In summary, our patristic distance analysis documents that the highest degree of gephyrins sequence conservation is not a result of the phylogenetic age of the vertebrate trait.

In the following known residues that are important for the two functions of gephyrin (i.e. receptor clustering and Moco synthesis) were identified and plotted onto the protein surface.
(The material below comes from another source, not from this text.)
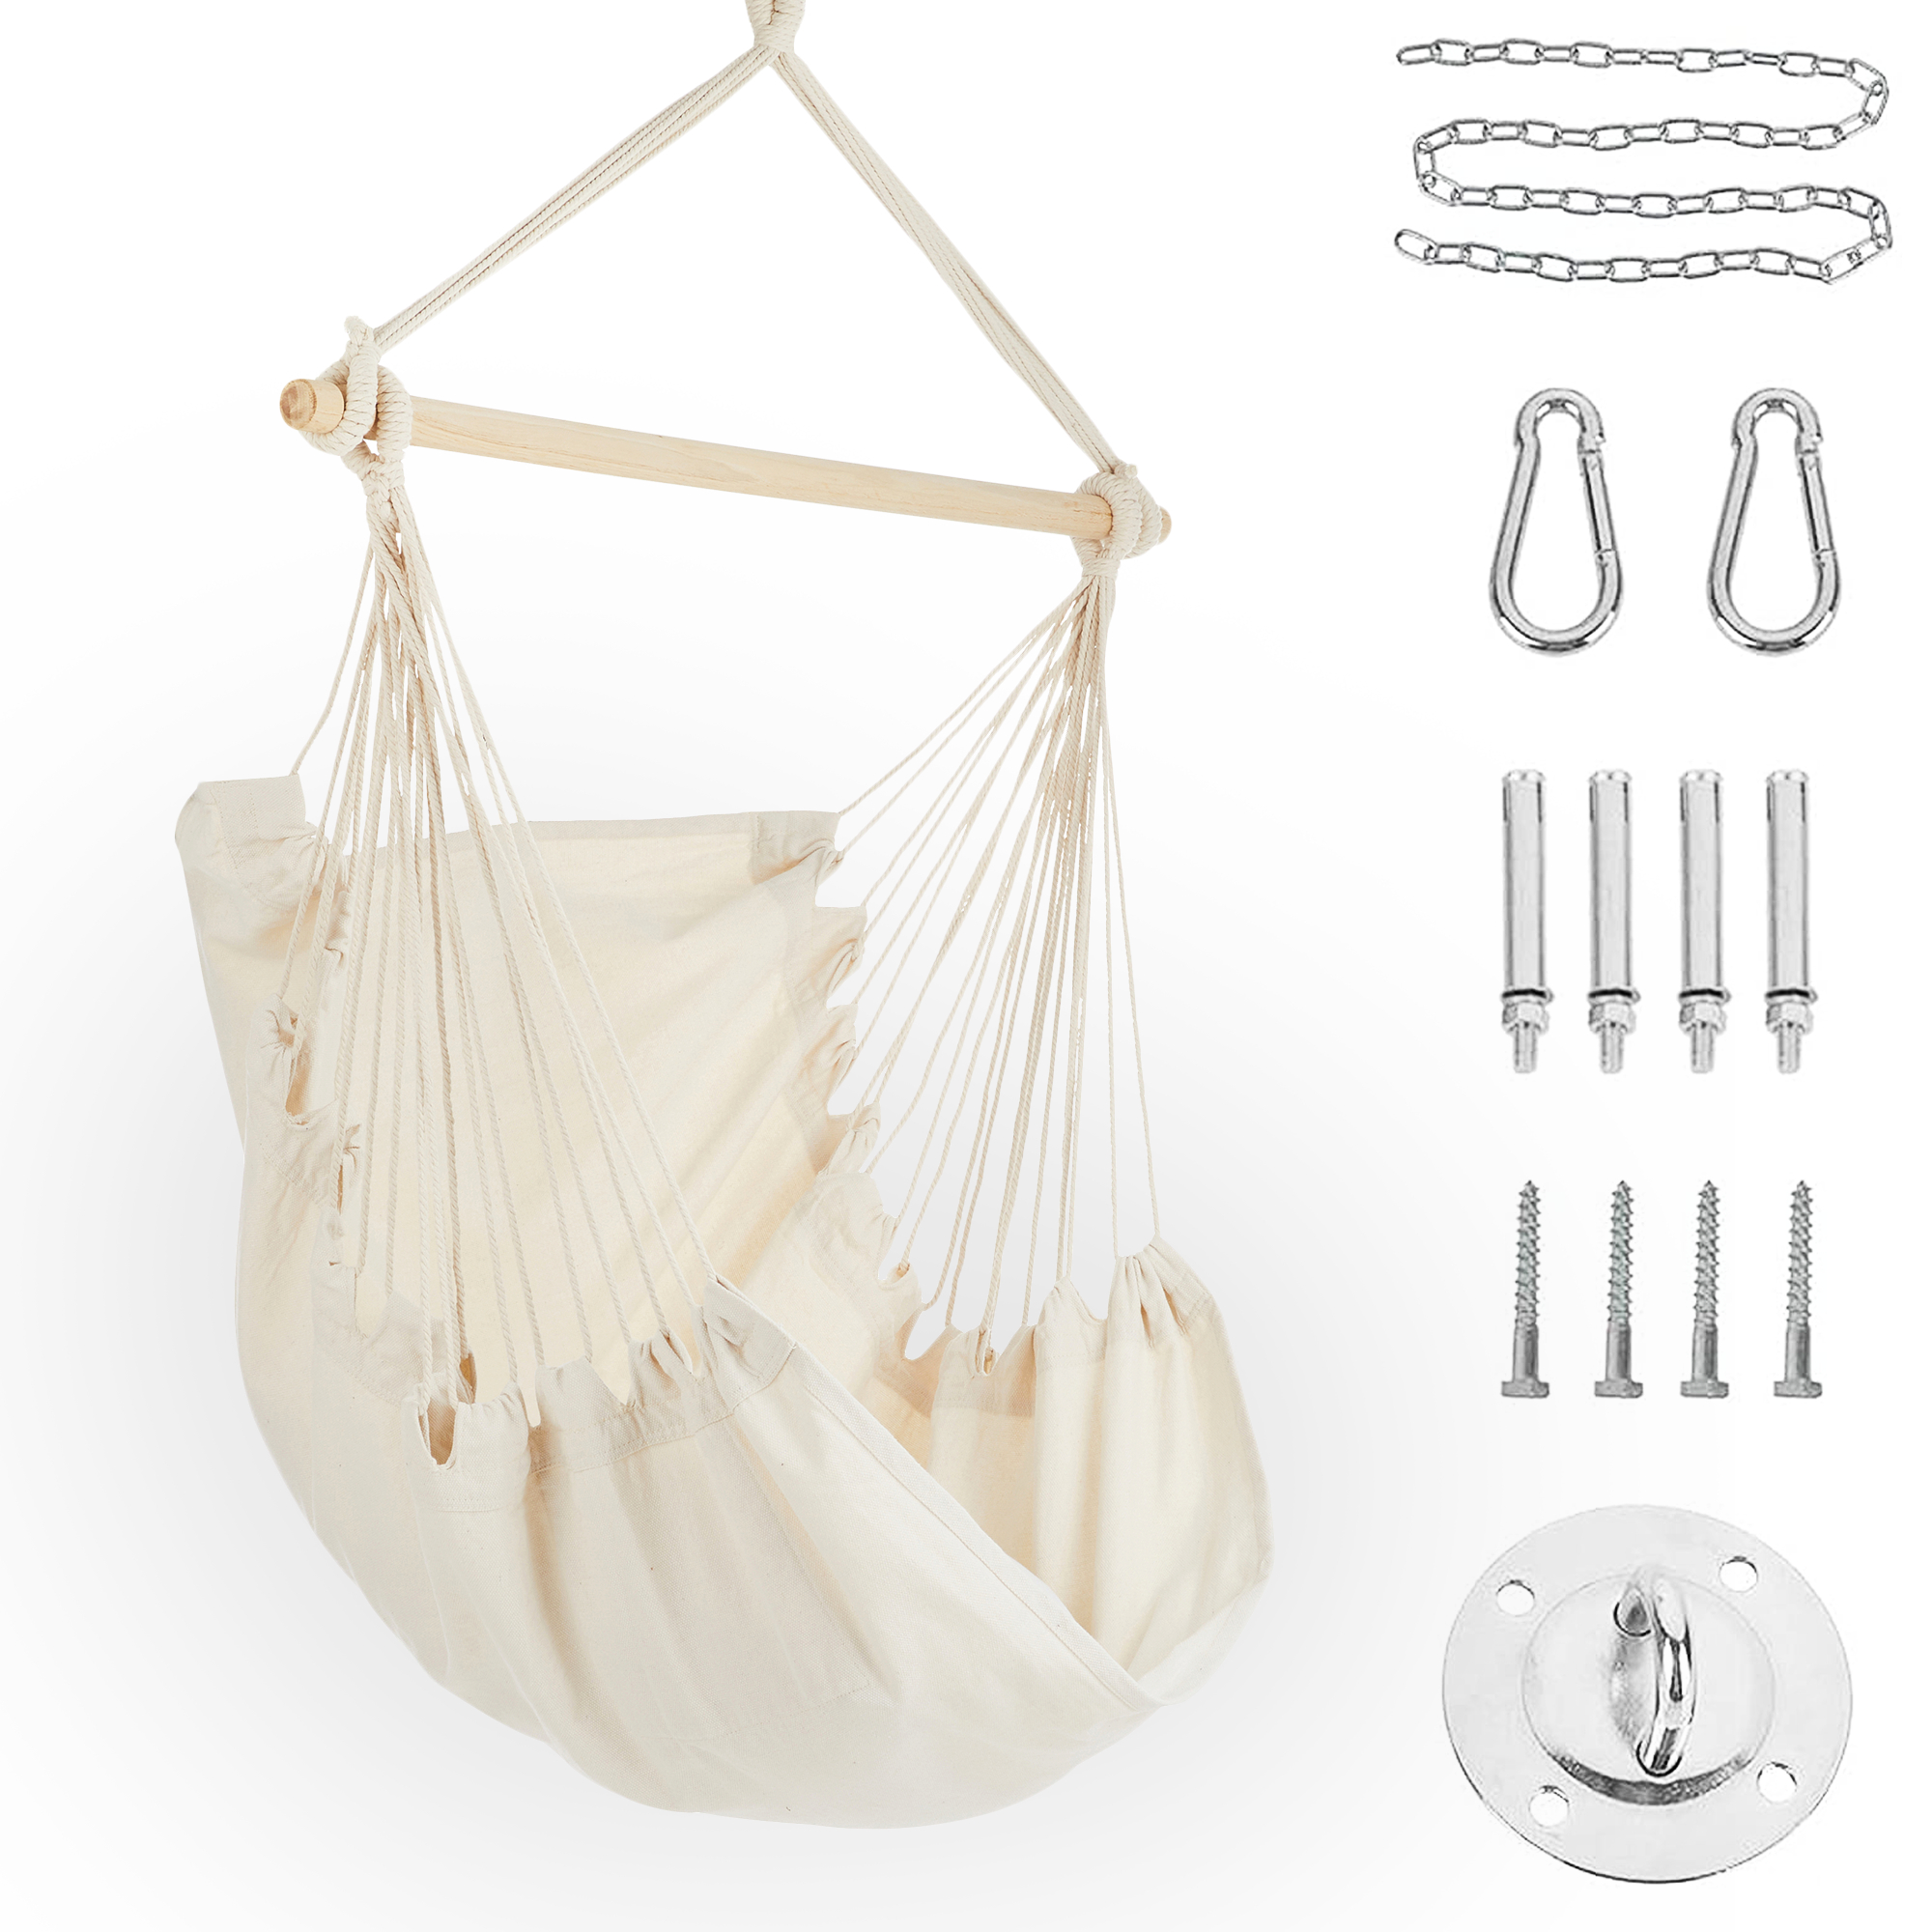 Project One Hanging Rope Hammock Chair, Hanging Rope Swing Seat with Carrying Bag, and Hardware Kit Perfect for Outdoor/Indoor Yard Deck Pat - Beige

As can be seen from Fig 7, a significant part but not the complete protein surface is associated with these functions while the overall surface conservation was found to be very high (S8 Fig).

Download:

Fig 7. Functionally relevant residues of the gephyrin E-domain.
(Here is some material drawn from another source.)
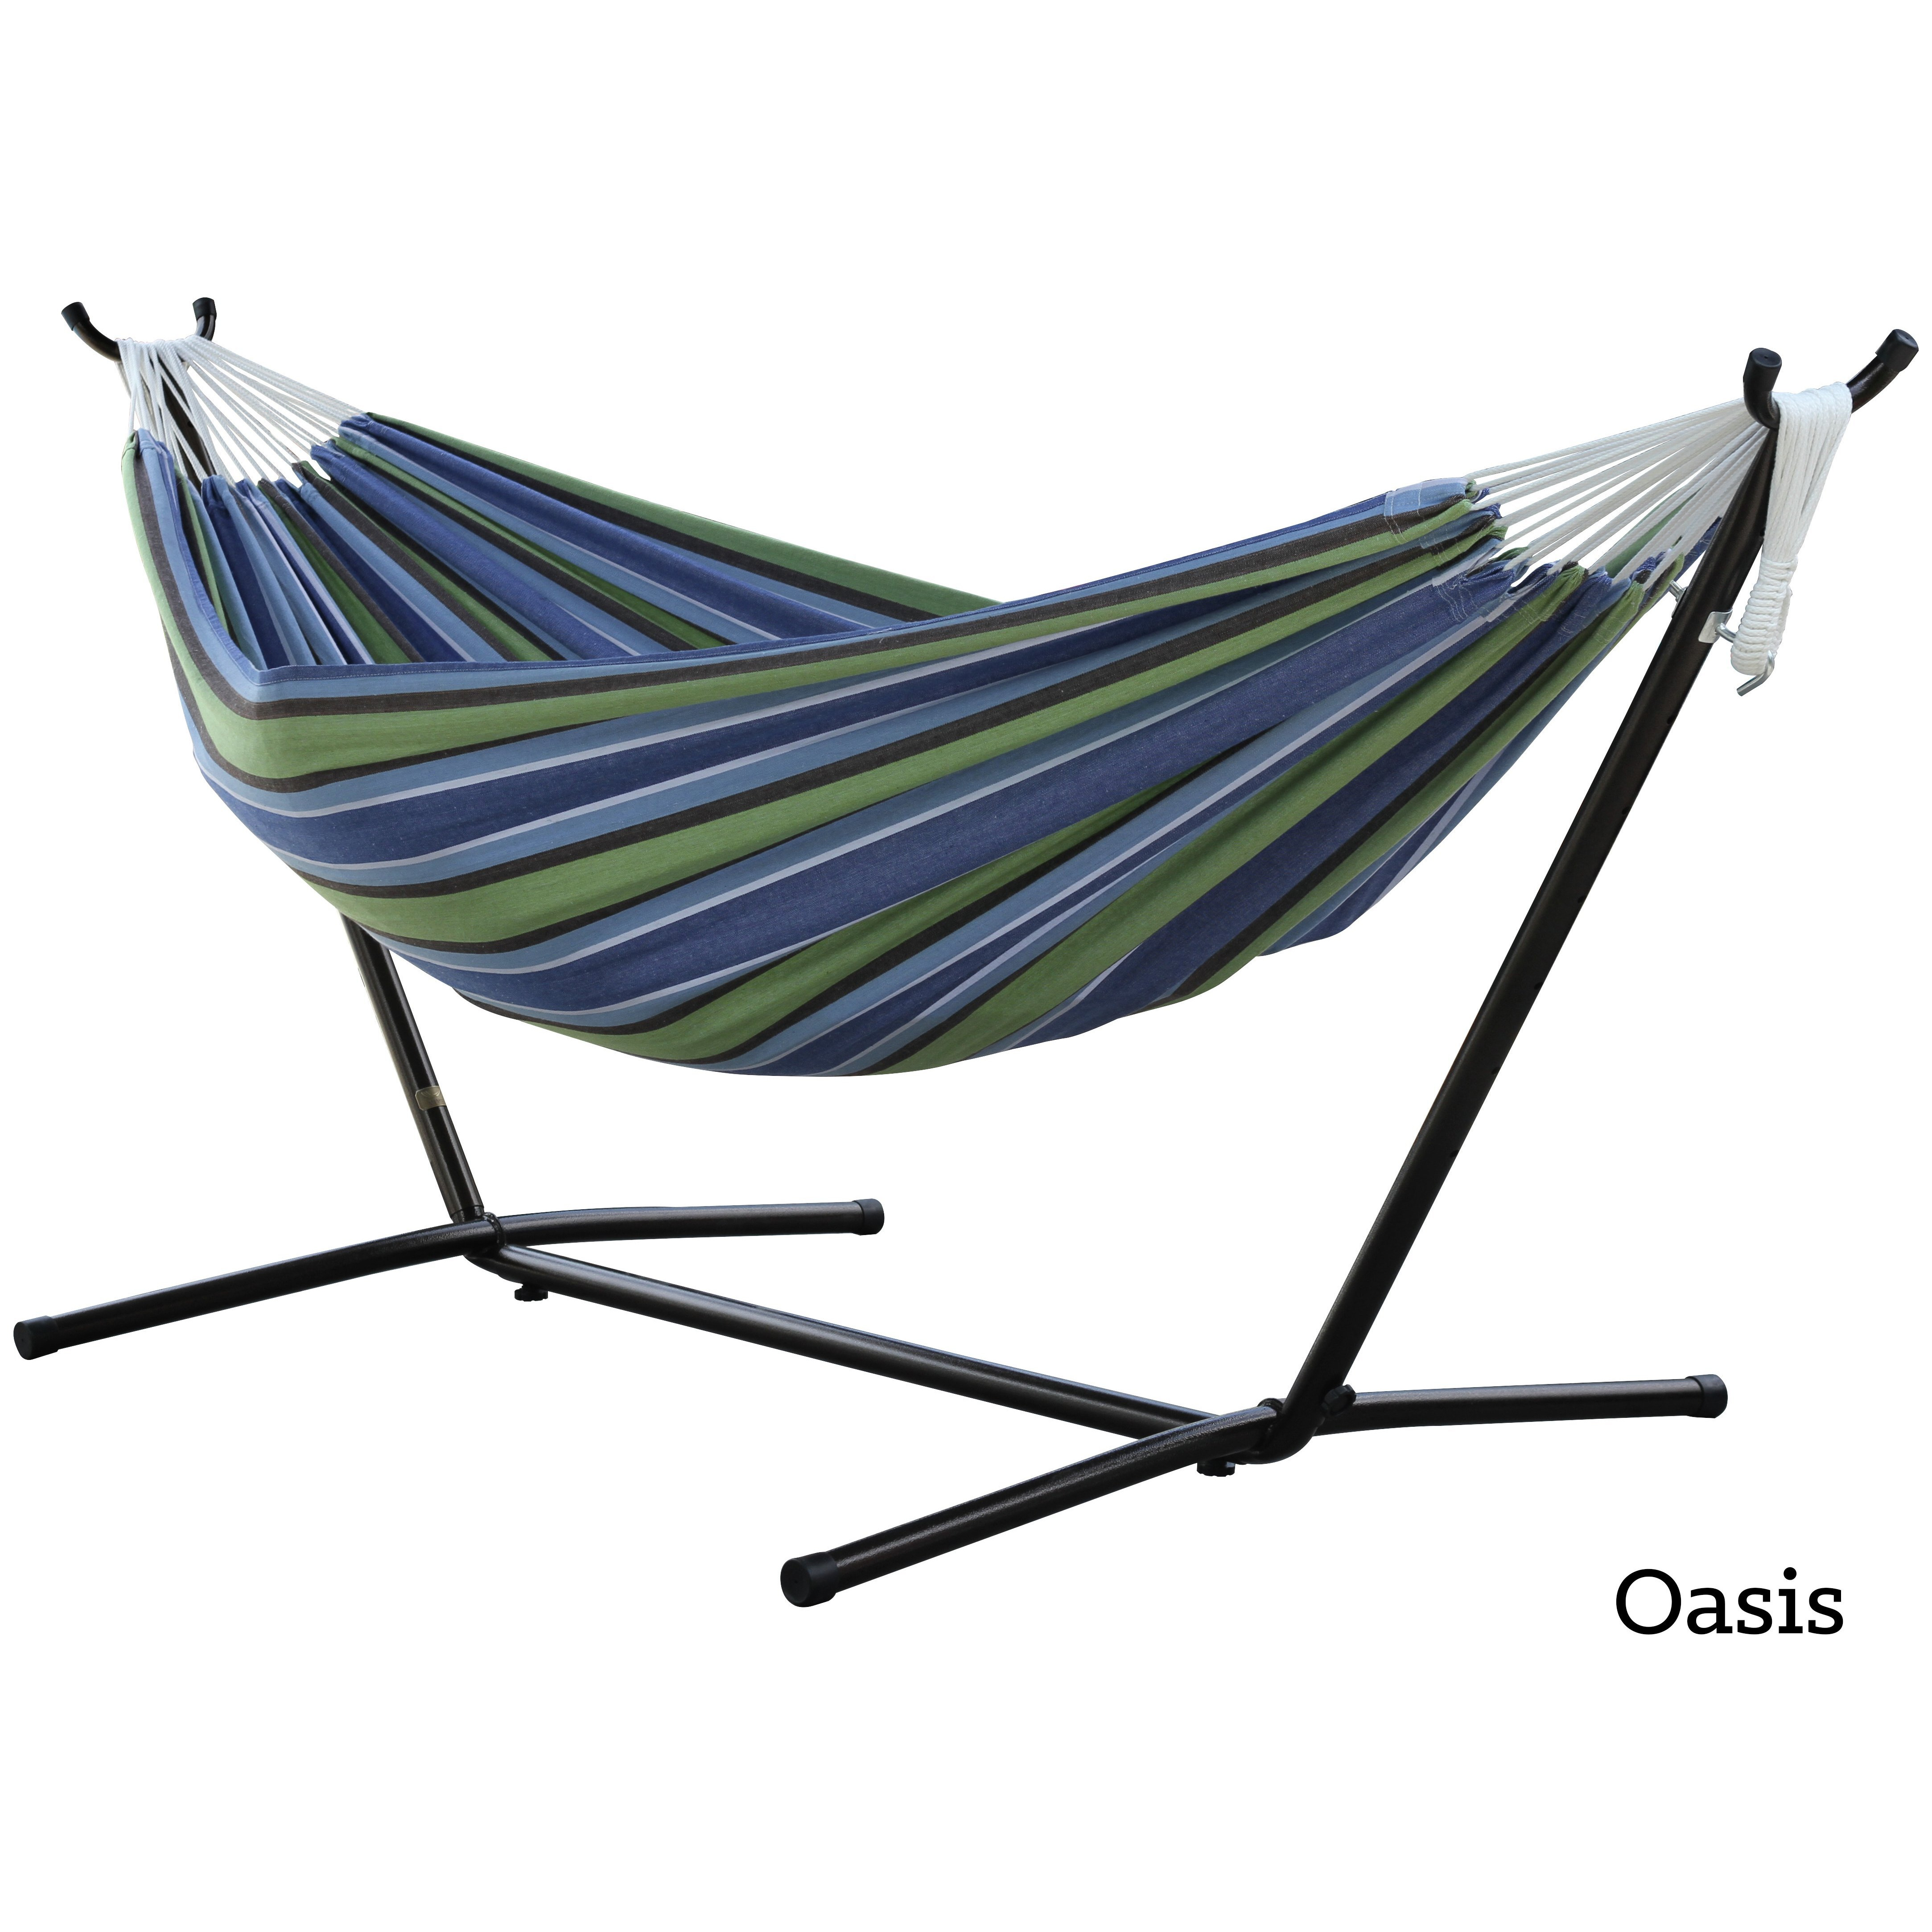 Vivere Oasis Double Hammock with Metal Stand - image 1

Surface representation of the mammalian Mo-insertase E-domain (PDB code: 2FU3). (A) Residues involved in receptor binding (according to [44]) are shown in blue. (B) Interfacing residues of the interaction 2 model of the plant Cnx1 Mo-insertase complex [9] are shown in green. (C) Residues involved in molybdenum functionalization of the plant Mo-insertase Cnx1 are shown in red (recently summarized in [6]).

https://doi.org/10.1371/journal.pone.0350191.g007

Discussion

Within this work we carried out an in silico-based approach to identify Mo-insertases in the species of life. Our work revealed in total 327 Mo-insertases from 289 (in total) eukaryotic and prokaryotic geni. The finding that for prokaryotes the diversity of the identified sequences did not result in forming family-level clades may be best explained by the prevalent horizontal gene transfer here [45] leading to conflicting gene histories [46]. However, as known for the model Mo-insertase MoeA from E. coli, the prokaryotic Mo-insertases identified all assemble from a separate E- and G-domain.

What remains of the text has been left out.